- To do -
The copy should hold only the line containing "Chiara Ferragni Jeans, Denim" and the lines after it through the end of the material, each exact, with no pictures.
Data extract: Begin
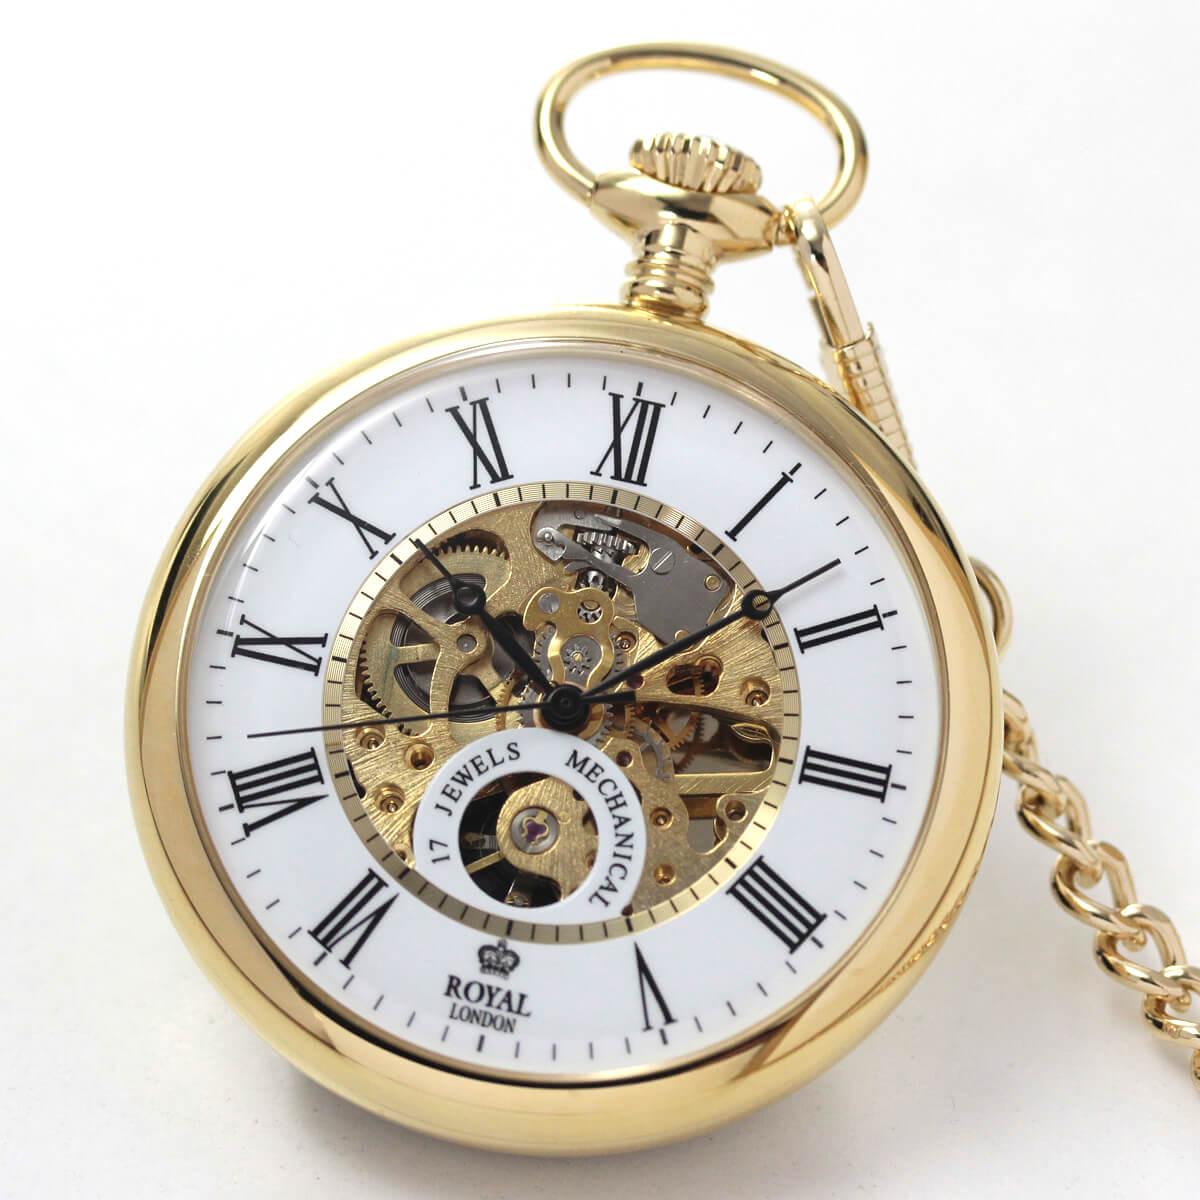 ROYAL LONDON(ロイヤルロンドン) 手巻きスケルトン懐中時計 90049-02
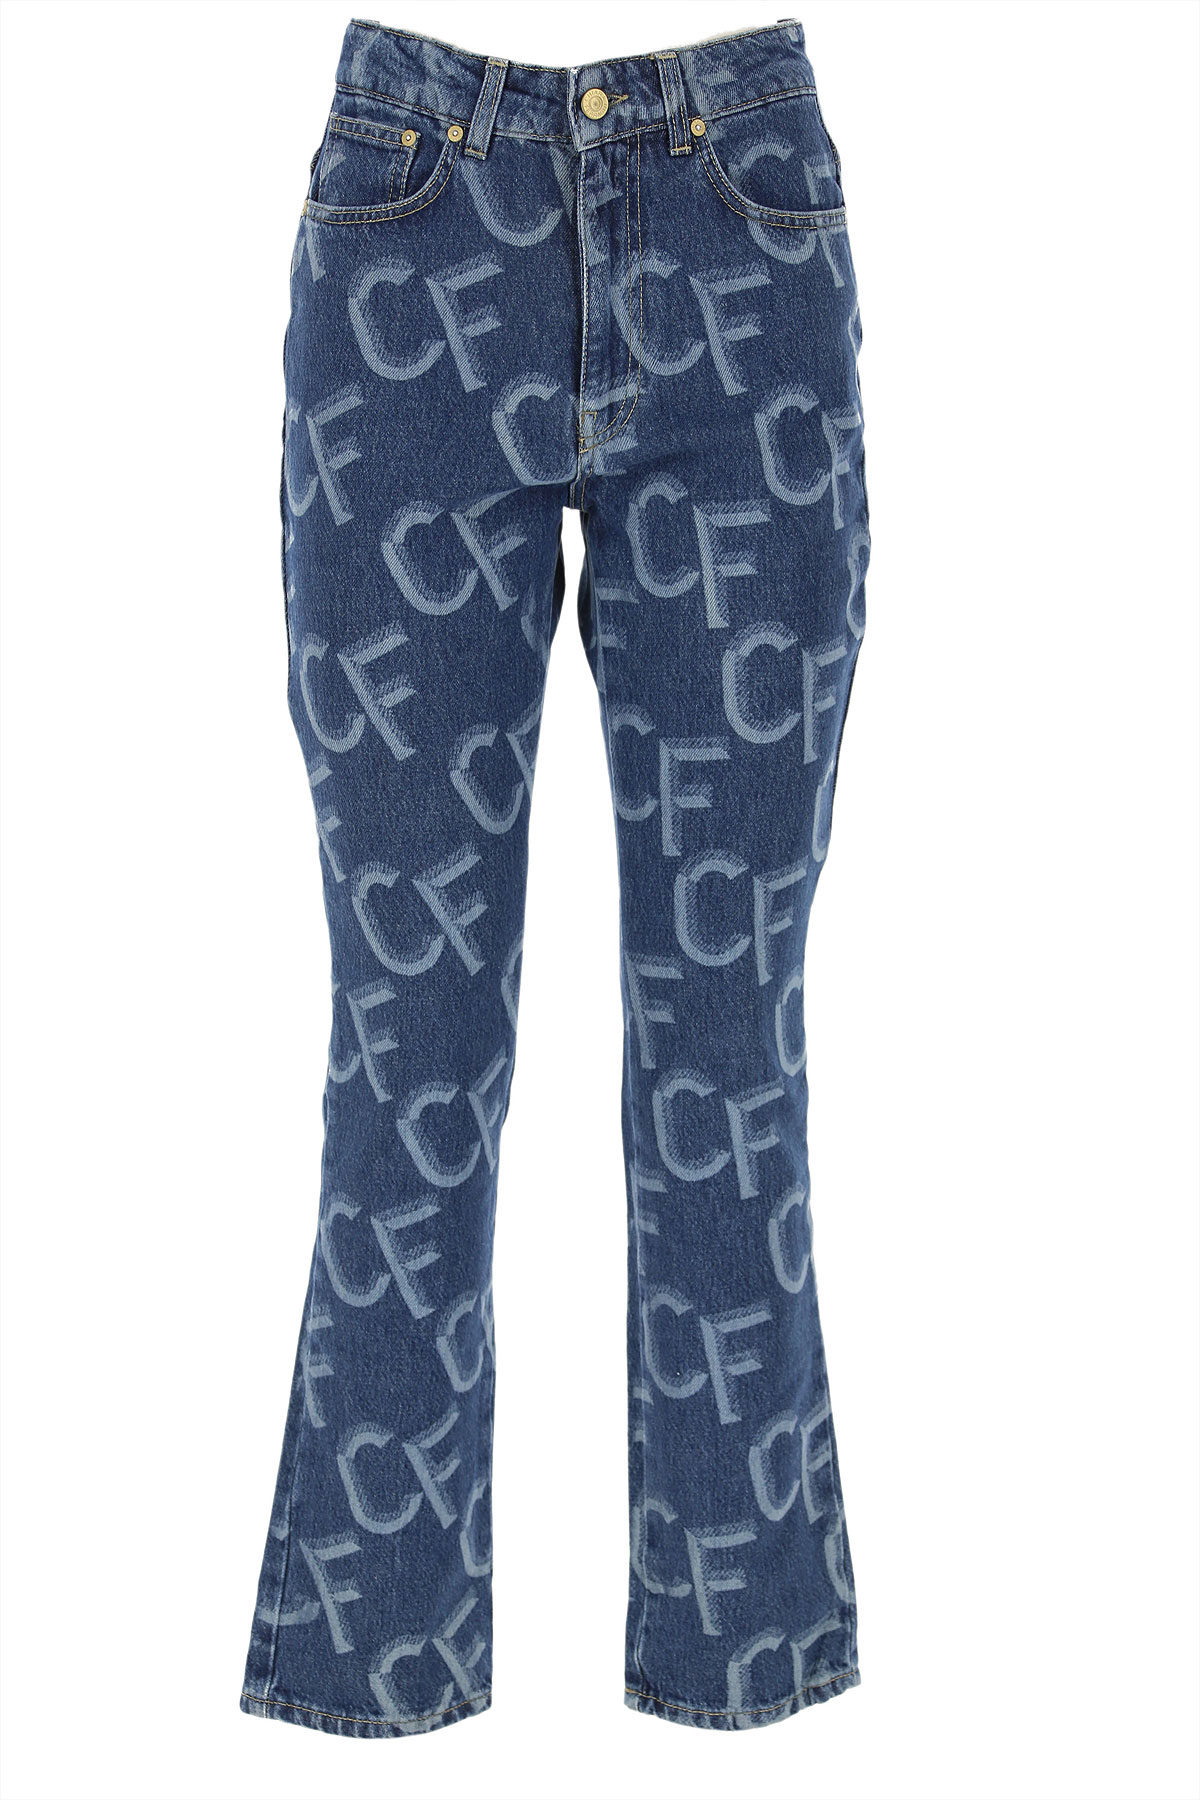 Chiara Ferragni Jeans, Denim Blue, Cotton, 2019, S (IT 40) M (IT 42 ) XS (IT 38)
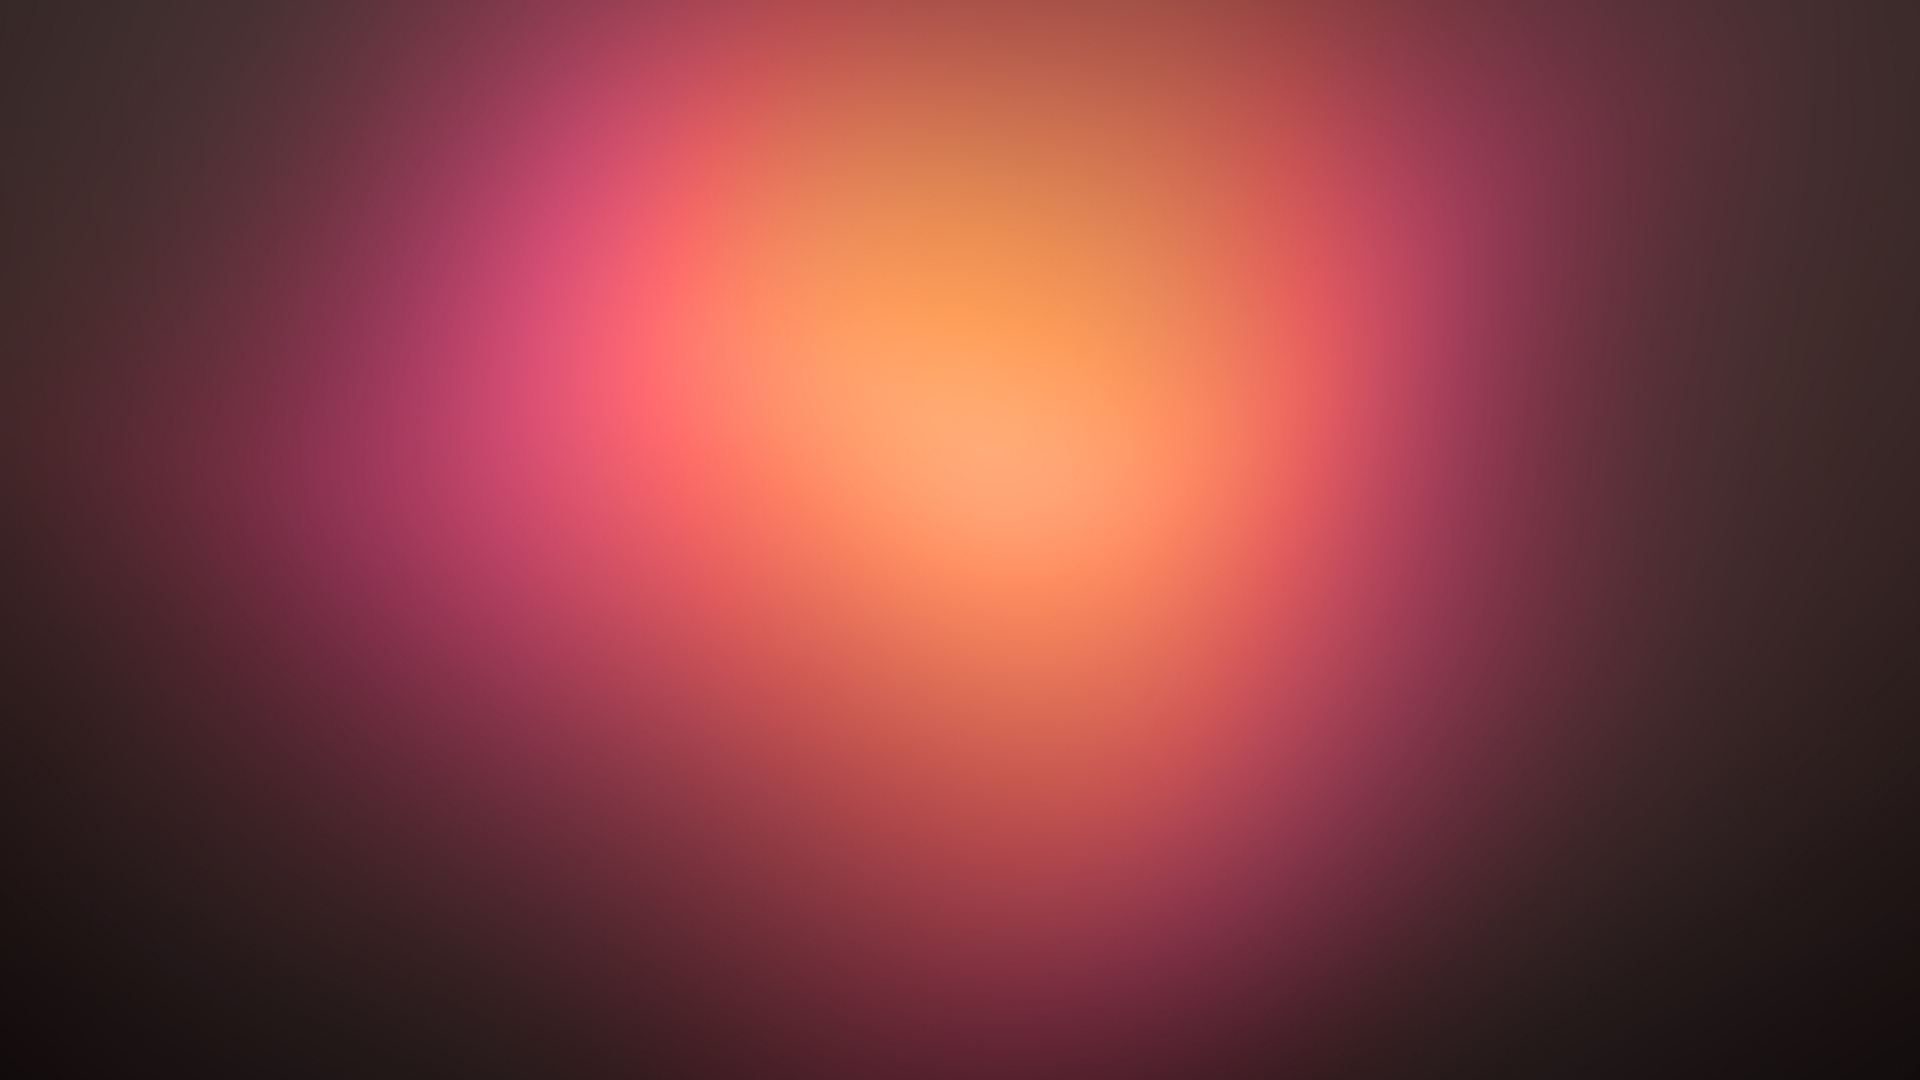 3d Motion Wallpaper For Mobile Blur Wallpapers Hd Download Free Pixelstalk Net
Data extract: End
- Problem solution -
 Chiara Ferragni Jeans, Denim Blue, Cotton, 2019, S (IT 40) M (IT 42 ) XS (IT 38)
 3d Motion Wallpaper For Mobile Blur Wallpapers Hd Download Free Pixelstalk Net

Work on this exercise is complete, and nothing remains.